His insistence that those fellow local musicians peppering a capacity crowd could follow in his lauded footsteps (opening act and fellow Shieldsmen Hector Gannet are well on the way to proving the point) was a heartfelt, chest-beating call-to-arms from an artist keen to lead a wider charge.

And through it all there was a feeling that none of this was taken for granted or in any way deserved.

For some, the first of two sold-out shows at St James’s Park would lead to a galling sense of cocksure self-gratitude.

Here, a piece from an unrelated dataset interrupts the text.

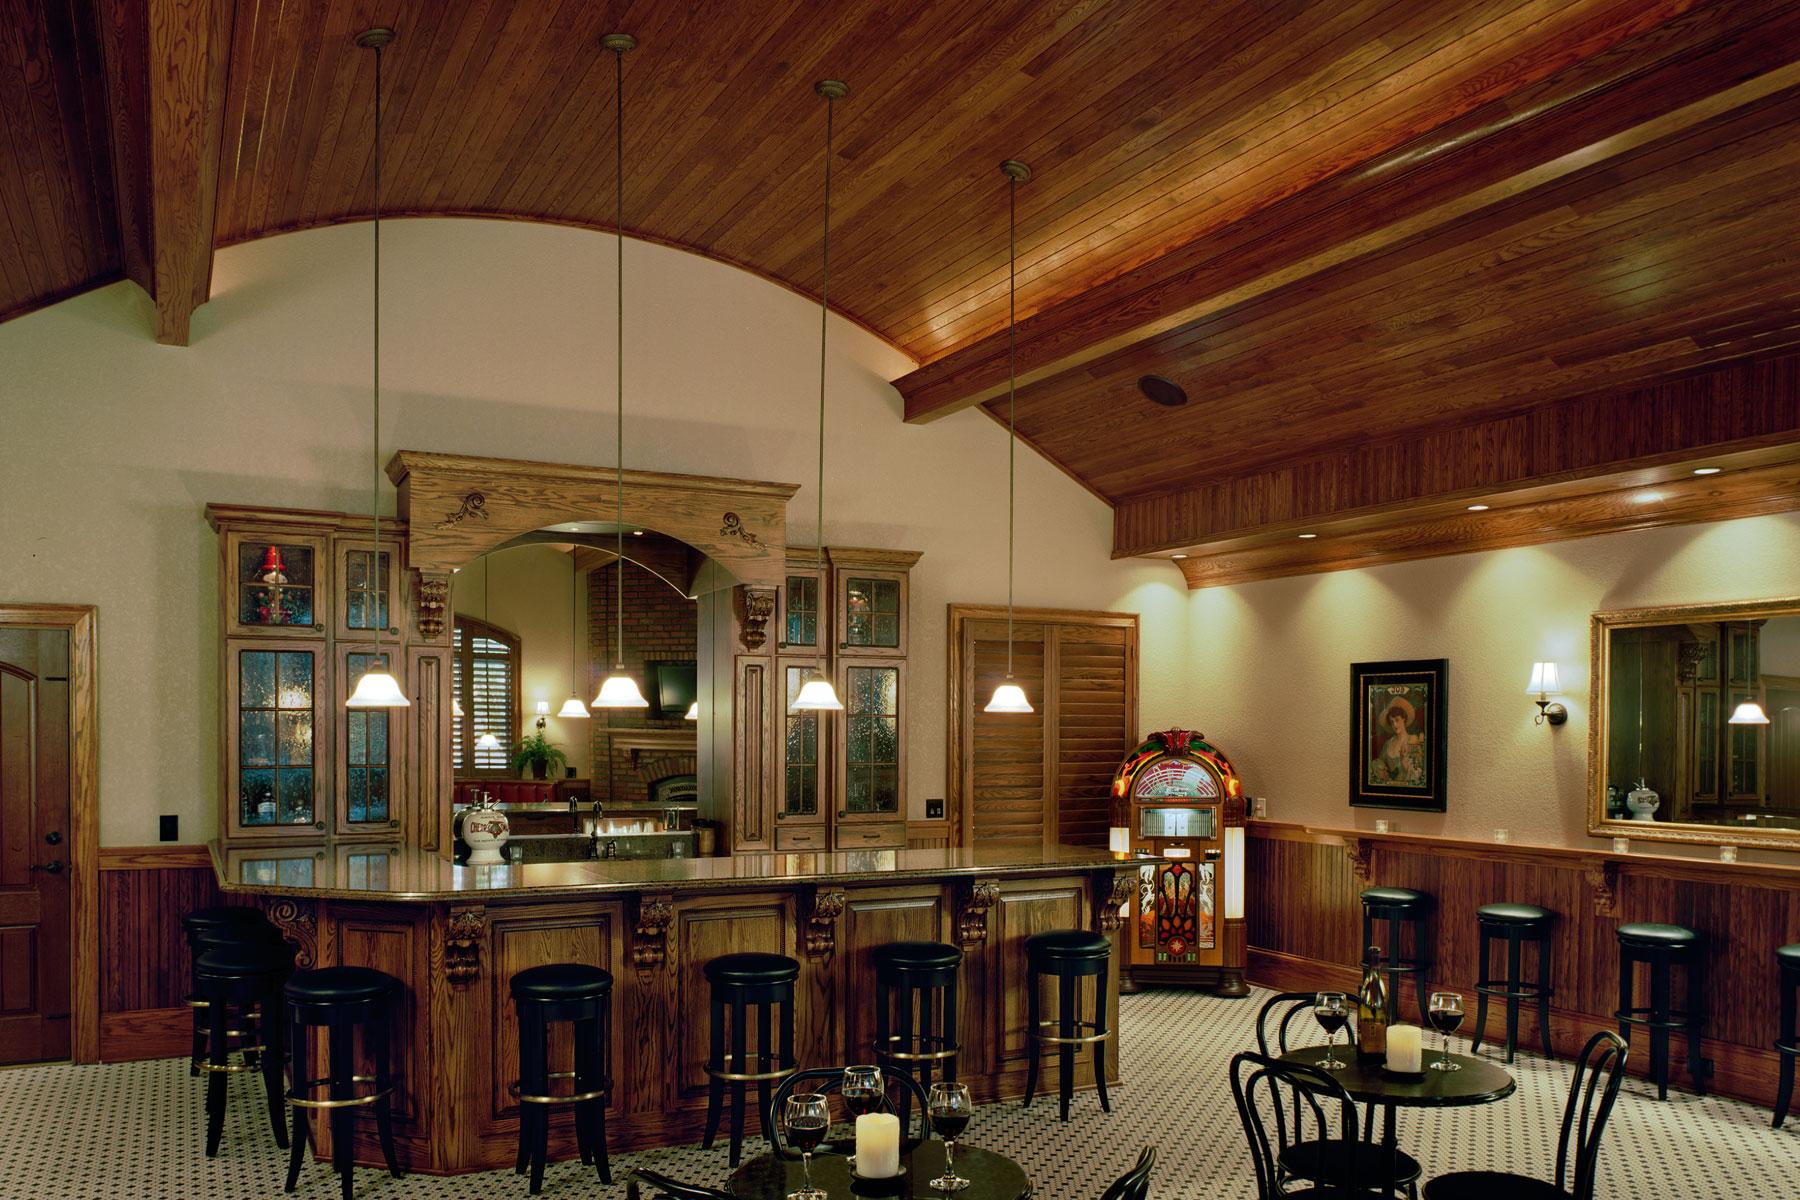 custom-bar-design-gentlemans-pub-barrel-vault-ceiling

If your name’s Sam Fender, these are the nights that keep your feet firmly planted on familiar ground.

And he did.

Local hero’s perfect match

On ground that will soon host the return of Champions League football.

On ground synonymous with celebrating everything that’s unapologetically parochial about a proud community rising again.

On ground laid for local heroes like Milburn, Beardsley, Shearer and more.

Anyone who witnessed Friday’s furiously passionate four-song encore will have long since added Fender to that storied list.

Sam belongs at St James’s Park.

For Blaydon Races read Hypersonic Missiles. For Geordie Ridley, the Geordie Springsteen. 

The ninth of Joon never sounded so good.